[[ SUPPLIED RECORDS open ]]
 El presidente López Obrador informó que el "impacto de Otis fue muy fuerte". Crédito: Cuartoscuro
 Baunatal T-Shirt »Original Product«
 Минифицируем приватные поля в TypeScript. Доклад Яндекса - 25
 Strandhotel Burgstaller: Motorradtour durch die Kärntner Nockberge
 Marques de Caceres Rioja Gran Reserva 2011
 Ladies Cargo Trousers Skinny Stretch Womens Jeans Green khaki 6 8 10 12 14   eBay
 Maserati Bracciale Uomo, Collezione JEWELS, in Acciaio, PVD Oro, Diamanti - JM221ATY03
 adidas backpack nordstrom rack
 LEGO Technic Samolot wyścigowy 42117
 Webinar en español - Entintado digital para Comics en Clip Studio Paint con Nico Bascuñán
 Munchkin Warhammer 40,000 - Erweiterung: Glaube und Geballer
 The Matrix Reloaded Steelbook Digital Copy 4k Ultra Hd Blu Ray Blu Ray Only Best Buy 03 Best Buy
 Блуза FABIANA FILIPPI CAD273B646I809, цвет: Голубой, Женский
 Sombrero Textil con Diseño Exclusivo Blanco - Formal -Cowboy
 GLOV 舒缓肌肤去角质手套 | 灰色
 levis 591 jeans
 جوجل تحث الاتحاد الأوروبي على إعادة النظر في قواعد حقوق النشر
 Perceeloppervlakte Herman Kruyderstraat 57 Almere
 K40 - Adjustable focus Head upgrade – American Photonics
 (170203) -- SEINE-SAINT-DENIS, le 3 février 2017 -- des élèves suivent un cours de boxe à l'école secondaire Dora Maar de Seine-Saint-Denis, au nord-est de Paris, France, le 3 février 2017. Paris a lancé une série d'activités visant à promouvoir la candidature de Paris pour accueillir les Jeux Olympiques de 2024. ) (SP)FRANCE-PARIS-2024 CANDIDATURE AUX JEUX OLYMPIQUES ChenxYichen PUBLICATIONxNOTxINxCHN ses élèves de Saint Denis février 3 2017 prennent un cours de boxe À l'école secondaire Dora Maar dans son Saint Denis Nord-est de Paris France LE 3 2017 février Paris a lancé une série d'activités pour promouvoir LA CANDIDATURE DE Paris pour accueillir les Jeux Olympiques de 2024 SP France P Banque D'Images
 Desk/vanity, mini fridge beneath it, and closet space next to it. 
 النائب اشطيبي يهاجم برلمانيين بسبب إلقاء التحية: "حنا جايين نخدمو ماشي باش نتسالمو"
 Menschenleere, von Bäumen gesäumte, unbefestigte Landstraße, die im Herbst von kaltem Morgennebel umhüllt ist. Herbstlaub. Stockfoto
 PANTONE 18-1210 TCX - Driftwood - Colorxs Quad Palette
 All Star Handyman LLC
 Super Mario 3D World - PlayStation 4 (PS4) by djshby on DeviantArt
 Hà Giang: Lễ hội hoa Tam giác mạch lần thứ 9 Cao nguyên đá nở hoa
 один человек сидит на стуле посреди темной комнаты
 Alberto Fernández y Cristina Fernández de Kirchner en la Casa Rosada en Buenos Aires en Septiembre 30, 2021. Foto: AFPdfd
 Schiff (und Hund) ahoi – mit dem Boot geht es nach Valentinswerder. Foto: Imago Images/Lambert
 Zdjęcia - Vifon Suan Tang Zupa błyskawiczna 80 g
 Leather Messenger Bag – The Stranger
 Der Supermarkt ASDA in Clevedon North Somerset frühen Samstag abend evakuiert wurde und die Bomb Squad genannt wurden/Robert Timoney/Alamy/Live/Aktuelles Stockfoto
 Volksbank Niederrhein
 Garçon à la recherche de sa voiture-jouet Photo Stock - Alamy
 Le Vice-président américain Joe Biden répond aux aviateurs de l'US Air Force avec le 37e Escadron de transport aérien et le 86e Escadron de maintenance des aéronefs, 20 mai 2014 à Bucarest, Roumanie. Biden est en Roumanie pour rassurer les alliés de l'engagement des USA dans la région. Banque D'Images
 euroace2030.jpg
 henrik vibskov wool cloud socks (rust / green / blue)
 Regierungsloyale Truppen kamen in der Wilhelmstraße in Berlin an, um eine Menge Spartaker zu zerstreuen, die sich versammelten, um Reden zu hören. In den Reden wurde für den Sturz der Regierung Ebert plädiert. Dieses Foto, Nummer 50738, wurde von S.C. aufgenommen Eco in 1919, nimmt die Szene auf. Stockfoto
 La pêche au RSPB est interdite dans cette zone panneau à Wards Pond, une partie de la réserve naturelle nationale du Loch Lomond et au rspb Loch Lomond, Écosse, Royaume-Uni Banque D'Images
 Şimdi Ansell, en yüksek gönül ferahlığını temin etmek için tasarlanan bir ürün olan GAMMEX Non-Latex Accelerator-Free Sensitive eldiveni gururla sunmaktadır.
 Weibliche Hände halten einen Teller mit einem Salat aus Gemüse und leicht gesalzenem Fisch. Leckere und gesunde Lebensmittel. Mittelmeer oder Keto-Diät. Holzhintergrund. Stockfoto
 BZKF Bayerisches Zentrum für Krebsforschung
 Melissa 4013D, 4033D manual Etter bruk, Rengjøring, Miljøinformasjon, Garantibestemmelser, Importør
[[ SUPPLIED RECORDS closed ]]
**DESCRIPTION OF THE TASK:** Reprint the data above from the opening line to the line holding "Marques de Caceres Rioja Gran Reserva 2011", inclusive, and nothing else.

**SOLUTION:**
 El presidente López Obrador informó que el "impacto de Otis fue muy fuerte". Crédito: Cuartoscuro
 Baunatal T-Shirt »Original Product«
 Минифицируем приватные поля в TypeScript. Доклад Яндекса - 25
 Strandhotel Burgstaller: Motorradtour durch die Kärntner Nockberge
 Marques de Caceres Rioja Gran Reserva 2011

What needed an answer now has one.